Crosley doesn’t just write in analogies—she speaks in them too. Asking her to choose her favorite essay in Look Alive Out There is like asking her to “choose among my vast collection of Fabergé eggs,” she says.
“But it’s almost like a cappuccino. If I could just skim some off the top, the really light foam, there are two or three. … But they all represent something slightly different about what I feel like this collection is about. Imagine it as less of a book and more of a talent show—this is the poetry, this is the juggling, this is the singing.”
Conn DNA
If Look Alive Out There is a talent show, The Clasp is an ode to the short story. Inspired by Guy de Maupassant’s short story “The Necklace,” Crosley’s novel tells the story of three estranged college friends who reunite in their late 20s at a friend’s wedding. Each in the middle of an identity crisis of sorts, they find themselves slipping back into their old roles before a series of events leads them on an ill-fated adventure through France in search of something that—just like the necklace in de Maupassant’s story—turns out not to be real.
“I have always appreciated the short story, since I was a kid, and I thought it was unheralded. Every other art form gets a novel—opera, dance, painting—I thought the short story should get one, too,” Crosley says.
Crosley credits the “wildly influential” Blanche Boyd, Weller Professor of English and writer-in-residence, with cementing her love of short stories in college. And Conn’s influence doesn’t end there; throughout The Clasp, Crosley’s main characters flash back to their days at a fictional New England liberal arts college that will feel more than vaguely familiar to readers of this magazine.
“There’s a little Conn DNA in there,” Crosley says.
Some of the peripheral characters were also inspired by Crosley’s real-life college friends, but, like any good characters, they quickly took on a life of their own.
“The second you write fiction, there’s a mutation that happens,” she says. “It’s weird to remember the cue ball break of inspiration, the people who first made you create a character.”
In her essays, of course, Crosley writes about real people, examining her own complex relationships—with friends, relatives, boyfriends, neighbors and even strangers—to make pointed observations about the human condition. That can be tricky, she admits, but over time she’s developed a nuanced approach to writing about those with whom she’s closest.

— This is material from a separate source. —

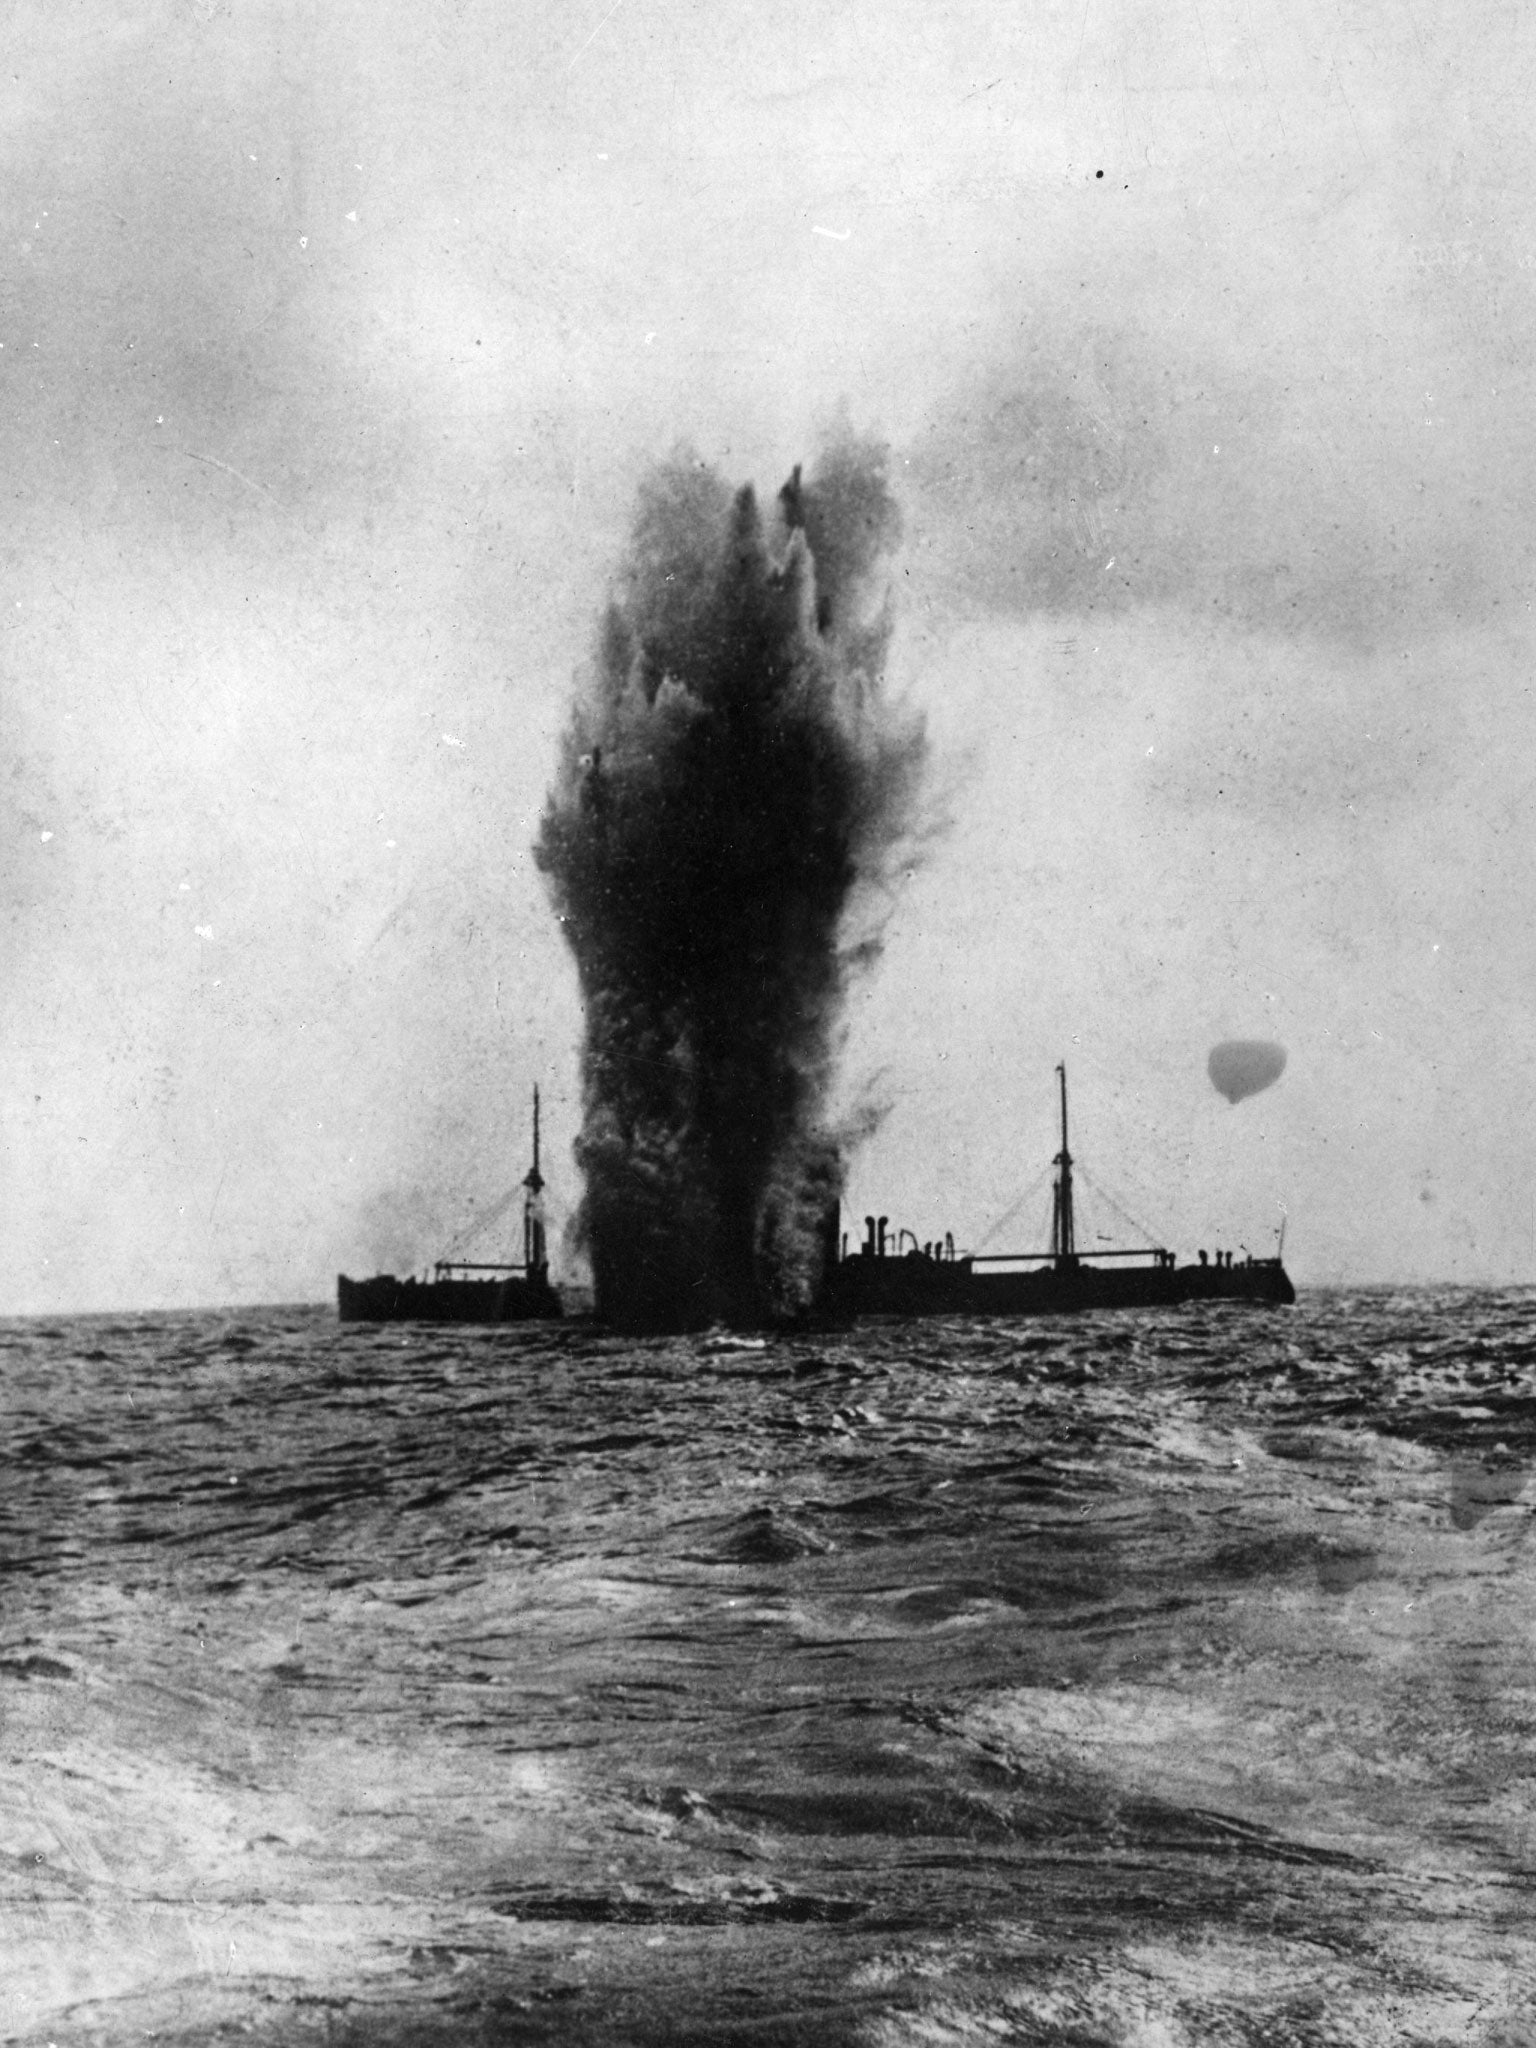 A steamer hit by a torpedo during the First World War

“It’s not that I’ve softened. I’ve become sharper and more sensitive,” she says. “There’s a common expression: It’s better to ask forgiveness than permission. That’s good for women in the workplace and military coups, but not for interpersonal relationships.”
Hope for a puppet
Crosley recalls her own experience at Conn as complicated, imperfect and, at times, redeeming. She had professors she loved—Boyd, of course, but also Haskell Professor of English and Poet-in-Residence Charles Hartman and the late Professor of Anthropology Harold Juli.

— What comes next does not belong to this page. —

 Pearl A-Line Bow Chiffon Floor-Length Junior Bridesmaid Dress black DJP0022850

“He stepped out of central casting of what a professor is supposed to be like,” Crosley says of Juli. “I think we took a shine to each other, but I think everyone feels that way
about him. You think you are the only girl at the dance, but you’re not.”
While she found her academic comfort zone at Conn, Crosley says she always felt slightly out of place despite having been elected senior class president.

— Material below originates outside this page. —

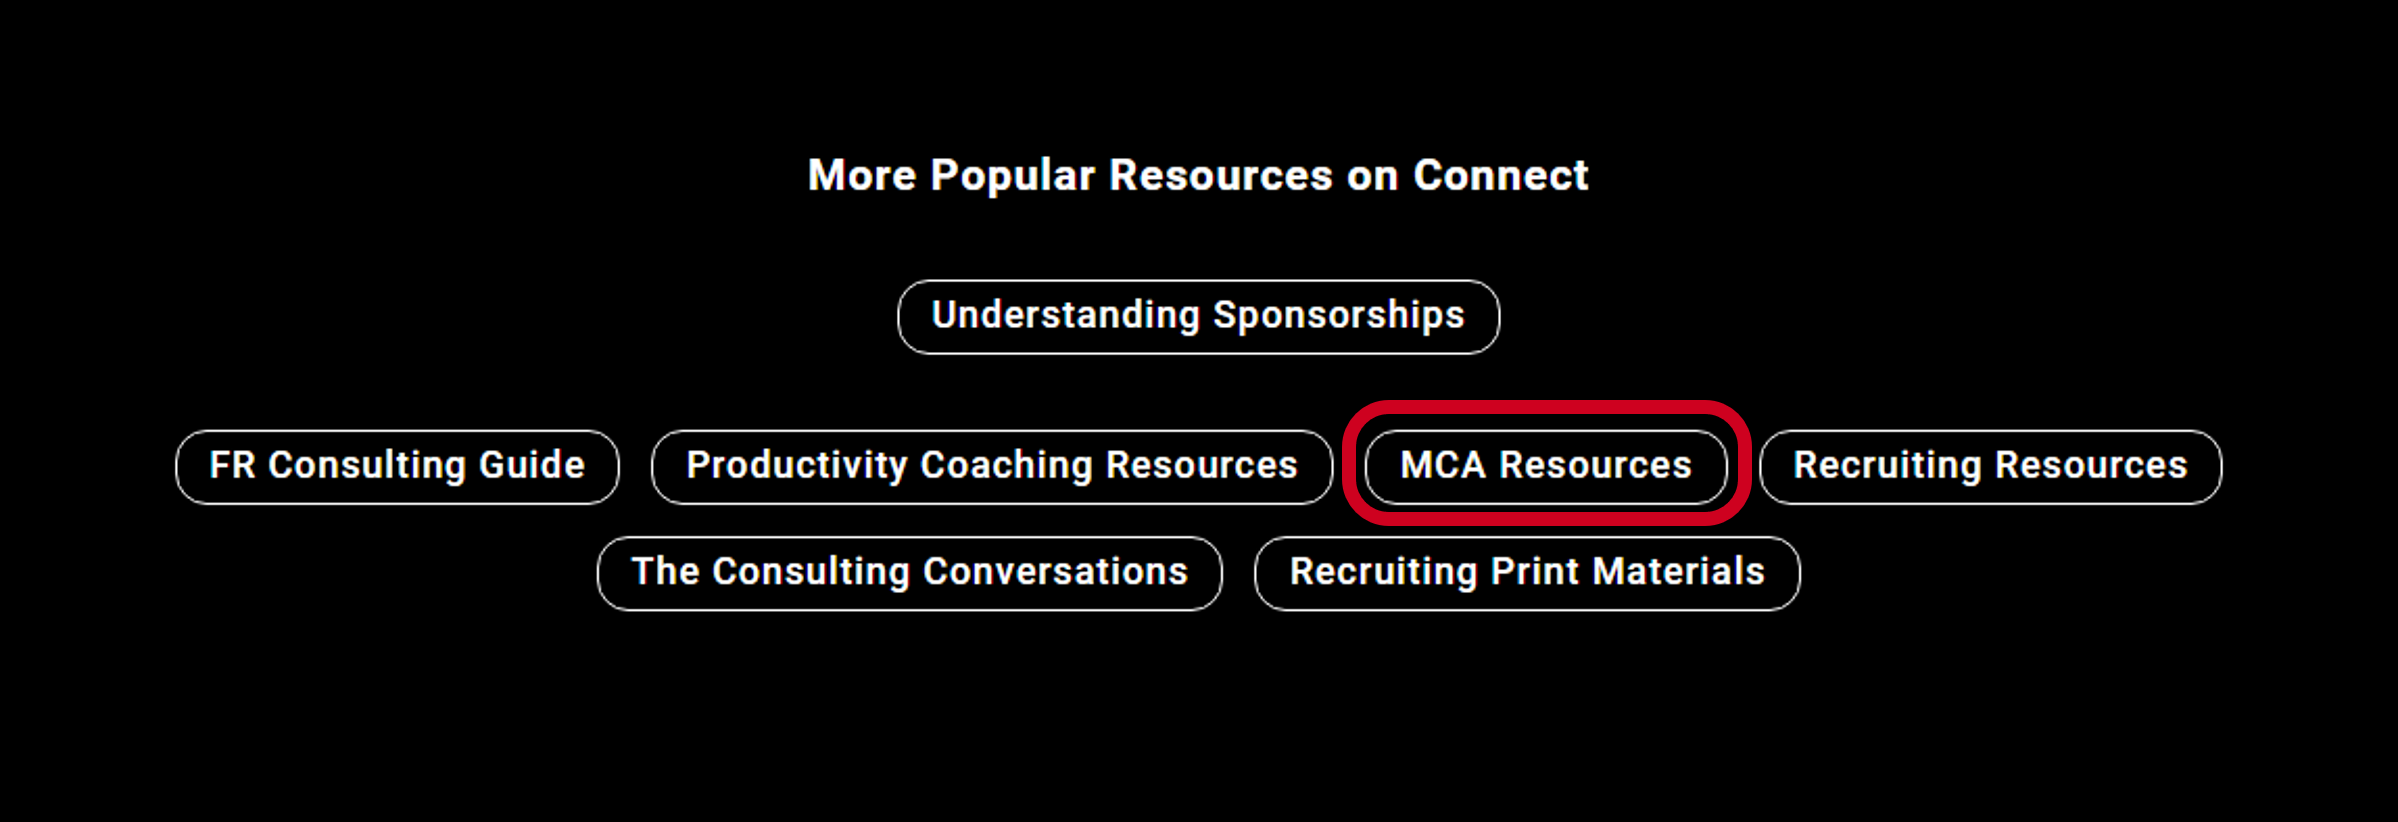 mca_mca_resources.png

“That’s a fun fact,” she says. “I don’t feel like I was a cool kid. I don’t feel like a class president person.”
After graduation, Crosley moved to New York City and worked in book publicity until 2011, when she decided to focus on writing full time. In addition to her books, she is a frequent contributor to The New York Times, a columnist for The Village Voice and the New York Observer, and the books columnist and a contributing editor at Vanity Fair and Interview magazine.
Crosley has even made the jump into screenwriting—she’s sold television pilots to HBO and Hulu, and Universal acquired the movie rights to The Clasp in 2016.
“It’s strange adapting your own work. You already did it in a way you thought the story would best be told, and now you are trying to stuff it back in the egg and hope it comes back a puppet,” she says.